Pese a la apariencia de medios poderosos que despliega la Audiencia Nacional en su habitual presencia en los medios de comunicación, por dentro sus juzgados son muy distintos. El caso Bankia, por poner un ejemplo, es tramitado por una única oficial del Juzgado Central de Instrucción Número 4, a la que ayudan una o dos auxiliares. Aunque sus compañeros corren a asegurar que, cuando los papeles amenazan con desbordarse, todos echan una mano. Es fácil imaginar la situación: el trabajo que generan más de ochenta imputados (con sus respectivos potentes bufetes de abogados y procuradores detrás), la Fiscalía Anticorrupción, la Abogacía del Estado y dos acusaciones populares es tramitado por apenas una o dos personas, y resuelto por un único instructor.
Las normas procesales permiten recurrirlo todo. No hay resolución del instructor, ya sea un auto de imputación o una simple providencia de ordenación del sumario, que no realice un viaje de ida y vuelta hasta la Sala de lo Penal, que dura semanas, a veces meses. Las posibilidades de frenar la instrucción son, para los acusados, infinitas. En el caso Bankia, el equipo encargado de las diligencias resuelve una media de treinta recursos o escritos de otra índole diarios. Pero el juez Andreu rehúsa escudarse en los problemas e insiste en que el proceso avanza porque «hay que resaltar la labor de todos los funcionarios del juzgado, aunque el día a día se gestione de forma “manual” entre unos pocos».
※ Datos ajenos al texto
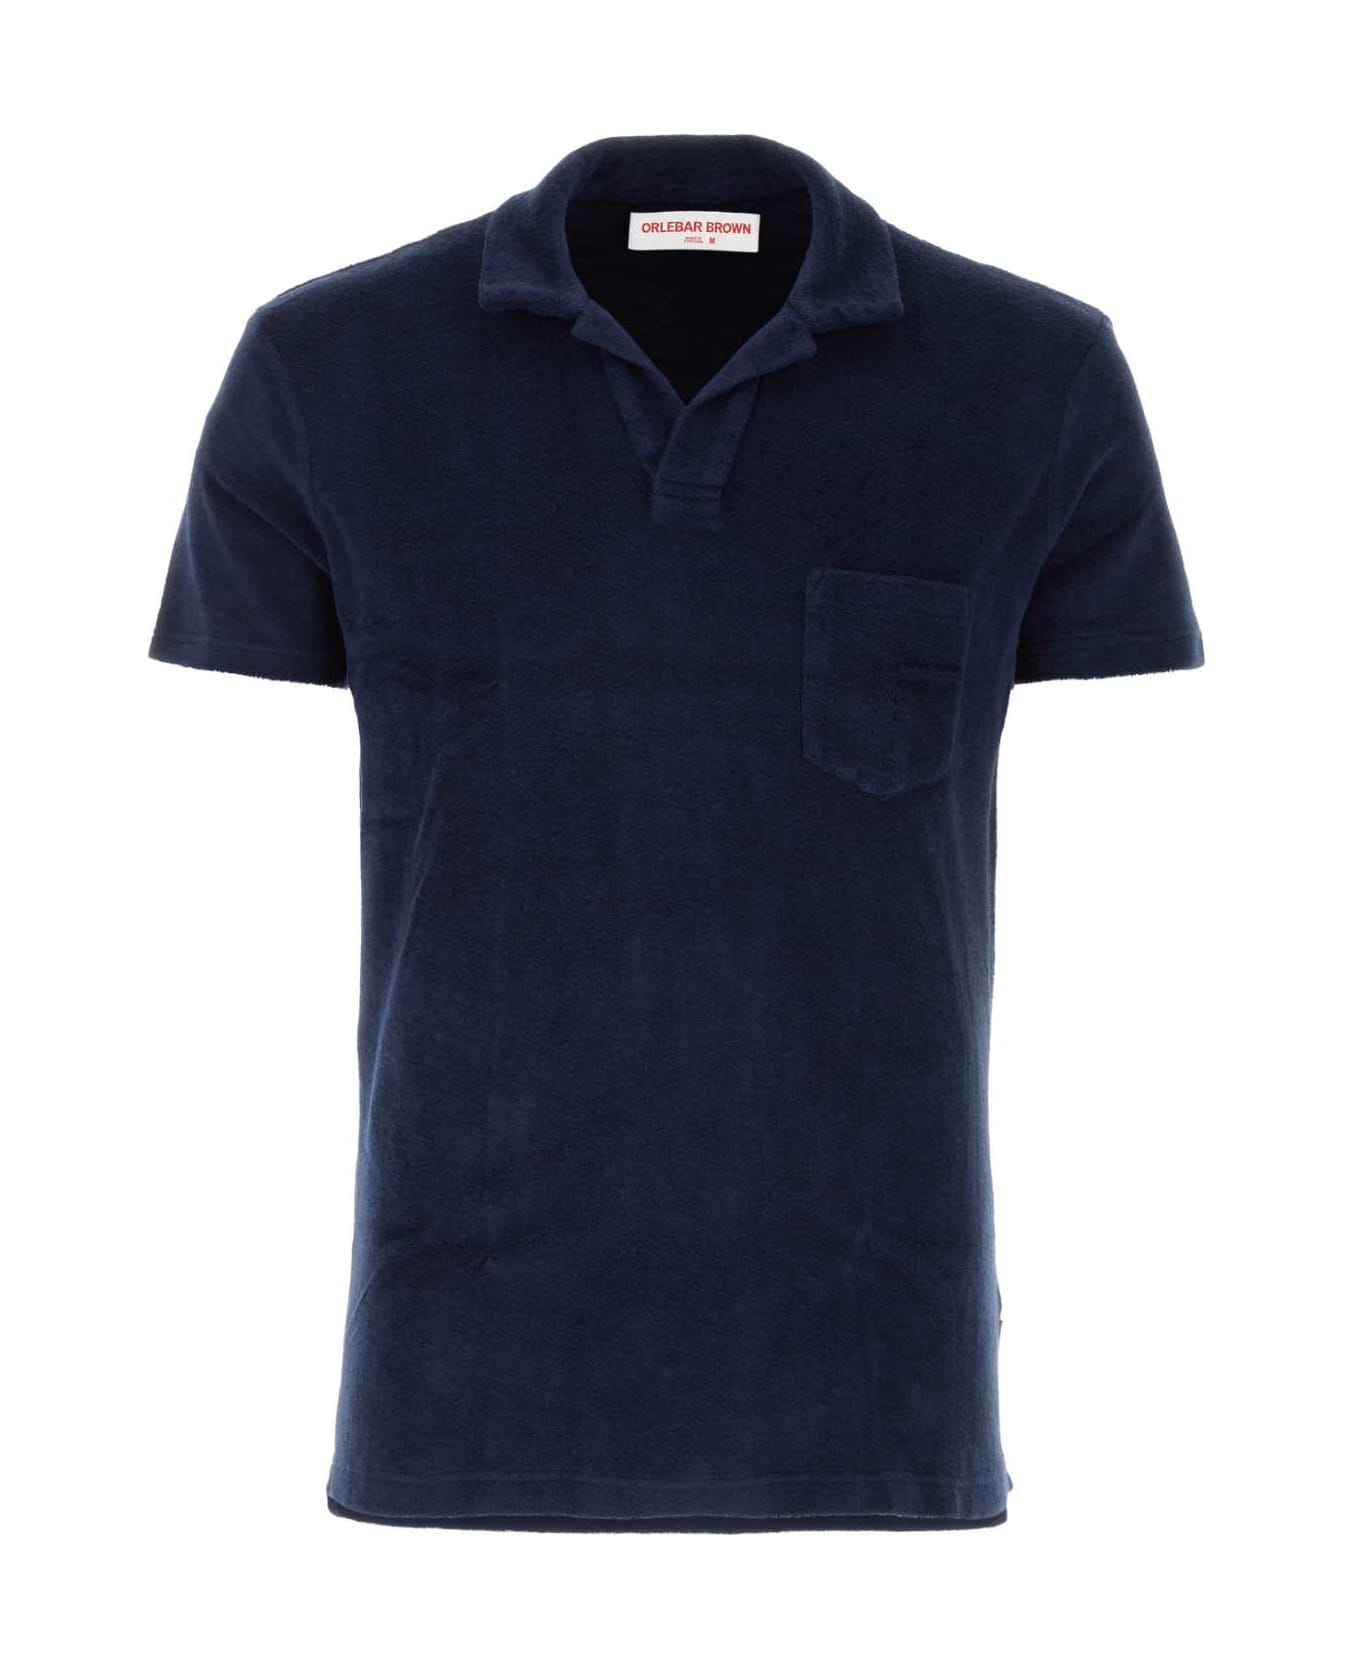 Orlebar Brown Navy Blue Terry Fabric Terry Polo Shirt - NAVY
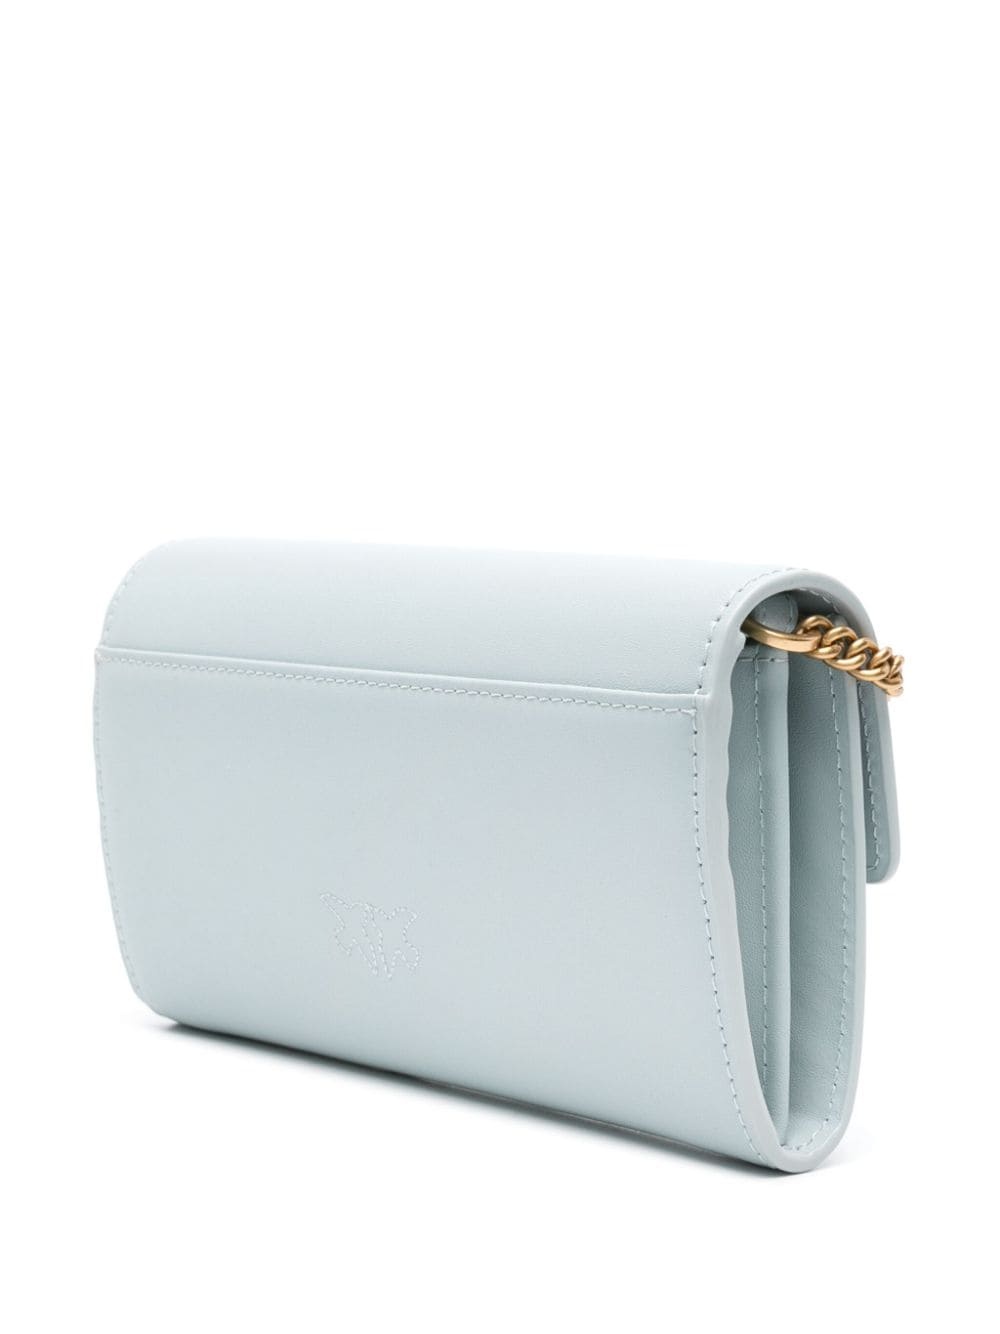 Love One leather clutch bag - 3
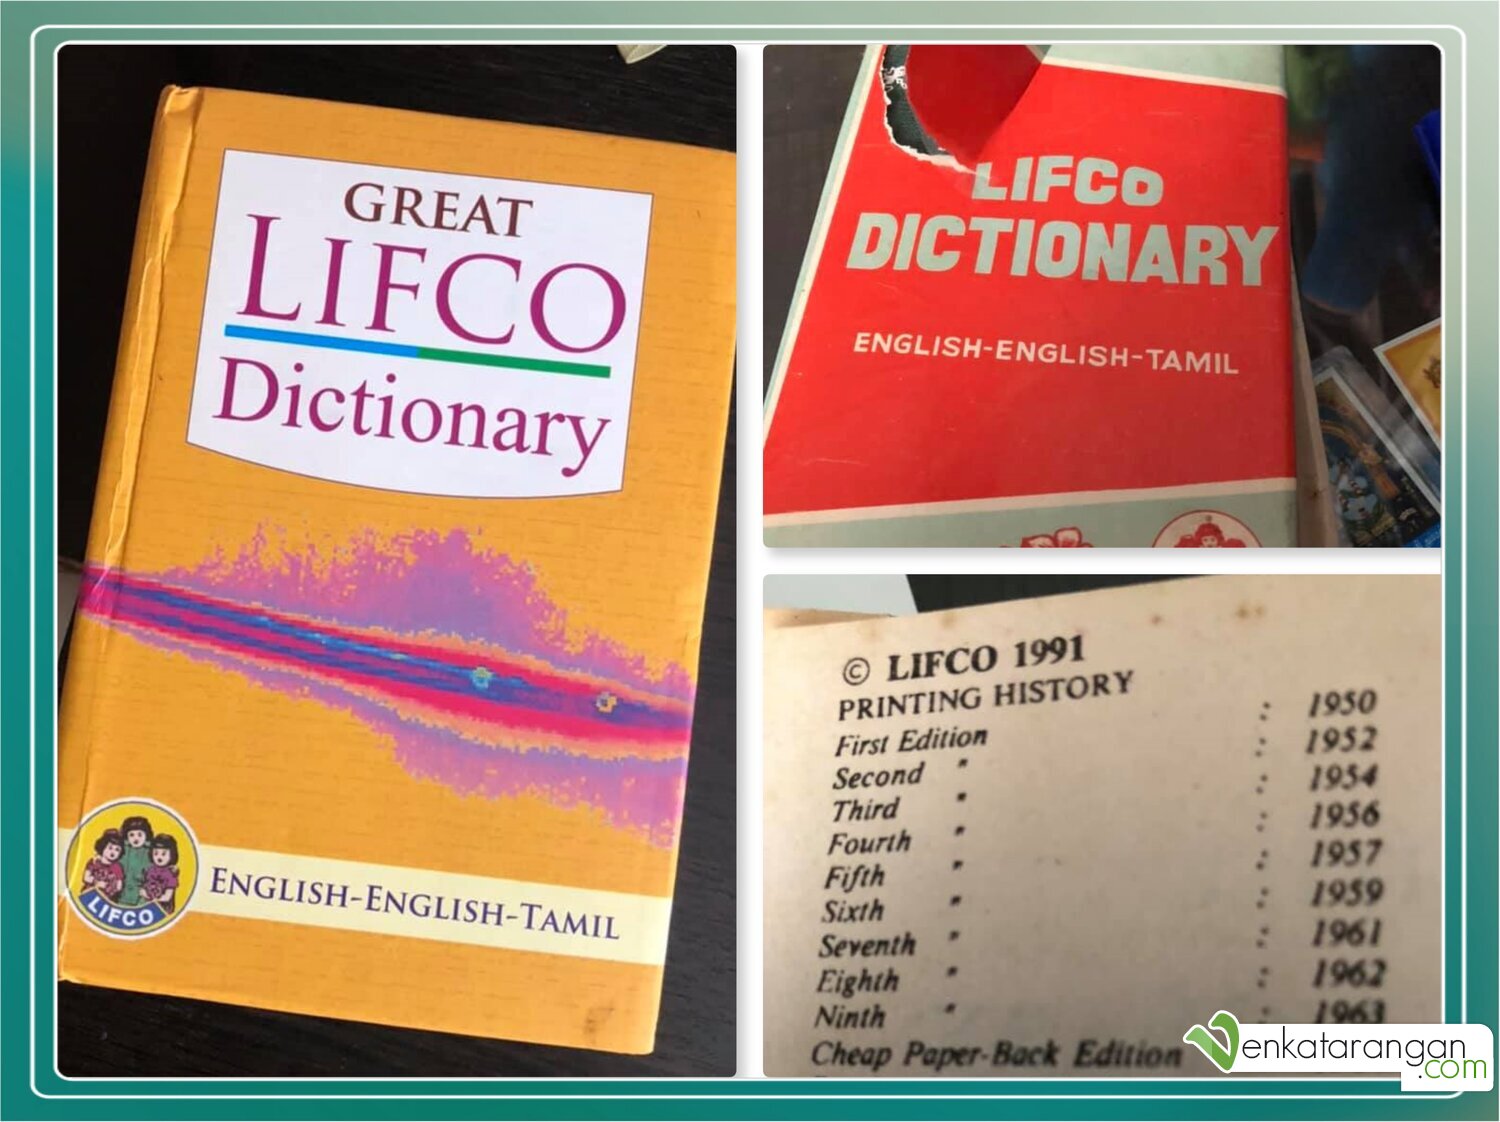 (left to right) New Great LIFCO Dictionary and 30-year-old Little LIFCO Dictionary (LLD) - English-English-Tamil

—Los ciudadanos siempre creen que el motivo es otro, que la Justicia trata a los poderes económicos de una manera más benévola.
—Entiendo que exista esta opinión, pero es un problema legal, no de los jueces. El actual modelo de proceso da todas las facilidades a las partes para que se pueda torpedear una investigación por los abogados, y claro, cuanta mayor capacidad económica se tenga, mejores serán los abogados que se contraten, quienes pueden conseguir que los casos se eternicen sin que el juez pueda prácticamente hacer nada para evitarlo, por mucho que quiera correr.